New research shows how cells control splicing, the process of removing extra pieces of RNA
September 29, 2019
Before living organisms can use the genetic instructions encoded in DNA, they must first transcribe genes into RNA, which carry instructions for building proteins that will carry out the work to be done in a cell. But the process isn’t straightforward. Frequently, pieces of RNA need to be removed along the way, a process called splicing.
Jonathan Staley, PhD, professor and chair of the Department of Molecular Genetics and Cell Biology at the University of Chicago, just published a new study in the journal Genes & Development that delves more into how the splicing process works. We spoke to him about what he and his colleagues discovered.
Can you describe splicing and how it’s involved in the process of gene expression?
Splicing is an intermediate step in the process when our genes are decoded into proteins, the workhorses of the cell. In this process, the DNA of our genes are transcribed into “messenger” RNA, a molecule similar to DNA that serves as the blueprint for constructing proteins. However, before messenger RNA can be used to build proteins, some segments of the message, called introns, must be removed. Although introns have been described as junk, they can be removed from a single RNA strand in different ways to modify the blueprint and the resulting protein, with consequences of differing function in the cell. Changes in splicing patterns allow organisms to adapt as they grow and respond to their environments. Mistakes in splicing also underlie numerous diseases.
How does splicing work?
A kind of molecular machine called the spliceosome actually cuts out the introns. It’s similar to the ribosome, the machinery that decodes messenger RNA to make proteins, because it’s built from both protein components as well as functional, non-coding RNA molecules that play a role distinct from messaging. It’s actually an RNA component of the spliceosome, rather than a protein part, that accelerates the splicing reaction so that it occurs on a timescale that is relevant to the cell. This RNA component, named U6, resembles an ancient self-splicing intron that may have emerged from the RNA world during the origin of life. The spliceosome has to be dismantled, or turned off, to release the excised intron and begin subsequent rounds of splicing. The spliceosome can also be shut down prematurely to make sure only correct messages are read by the ribosome to make proteins.
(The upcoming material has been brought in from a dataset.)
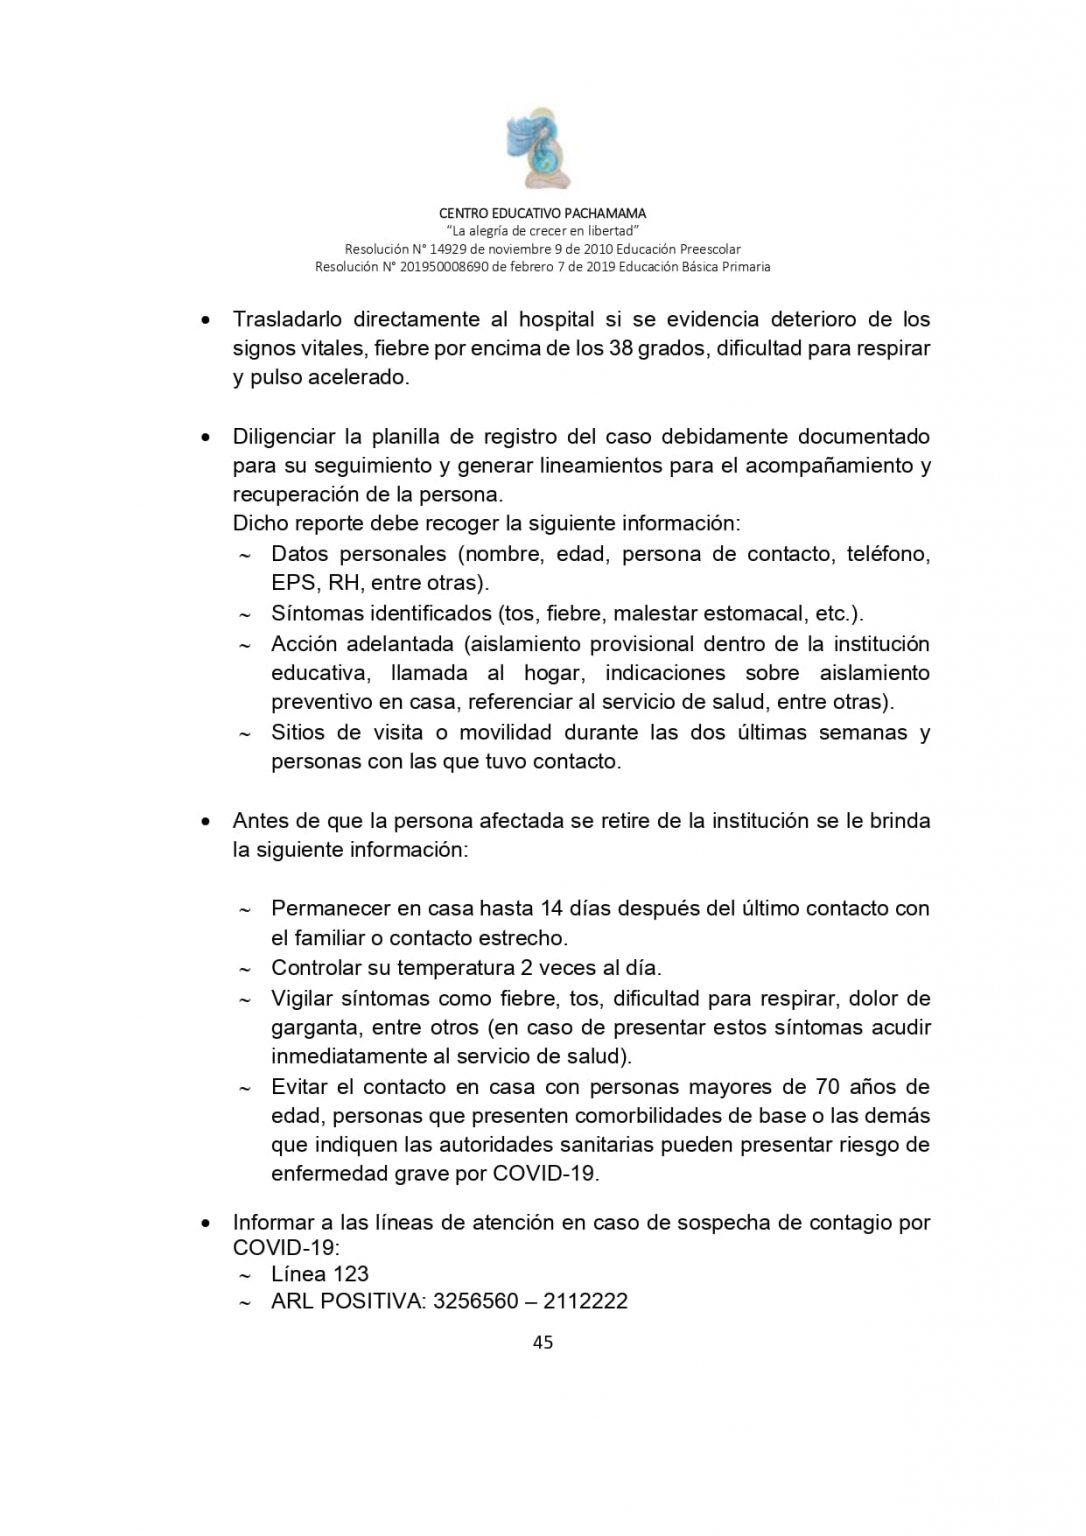 PROTOCOLO DE BIOSEGURIDAD PACHAMAMA Última Versión (3)-convertido_page-0045

What were you looking to learn about splicing in the new study?
We have known for some time that splicing is turned off by one of a large family of RNA helicases, which are energy-consuming proteins that move along RNA like trains on a track. They can displace items bound to this RNA “track,” just as a cow-catcher functions on a train. We know that an RNA helicase called Prp43 terminates splicing, but we have not known what RNA it moves along to terminate splicing. Identifying the RNA that this helicase interacts with is critical to understanding the mechanism and regulation of splicing termination.
What were the key findings of the study?
We saw that Prp43 terminates splicing by acting on the tail of the U6 RNA, indicating that spliceosome termination starts by disassembling the catalytic core itself. Secondly, our data imply a model in which Prp43 simply pulls on the tail of U6, thereby building up tension on the catalytic core and ultimately disrupting it from a distance. This mechanism for “turning off” the spliceosome is significant because the tail of U6 is protected until the spliceosome is turned on, so at the same time the spliceosome turns on it also becomes primed to turn off, implying a need for tight control of splicing activity in the cell.
What does this tell you about the machinery involved in RNA splicing?
Curiously, this RNA helicase not only helps in the production of messenger RNA for translation into proteins but also helps in the synthesis for the ribosome, the machinery that executes translation. That links the production of the translation substrate with the translation catalyst. This work will provide insight into how this RNA helicase promotes ribosome synthesis and more broadly how many RNA helicases function to trigger rearrangements at all stages of gene expression.
For full activity though, Prp43 needs help in the form of an activator that binds to Prp43 and helps propel it along RNA. Two of these activators have been linked to cancers such as breast cancer. Our insight into how this works provides a potential pathway for interrupting the activity of such activators.
The study, “Termination of pre-mRNA splicing requires that the ATPase and RNA unwindase Prp43p acts on the catalytic snRNA U6,” was supported by the National Institutes of Health. Additional authors include Rebecca Toroney and Klaus H. Nielsen from the University of Chicago.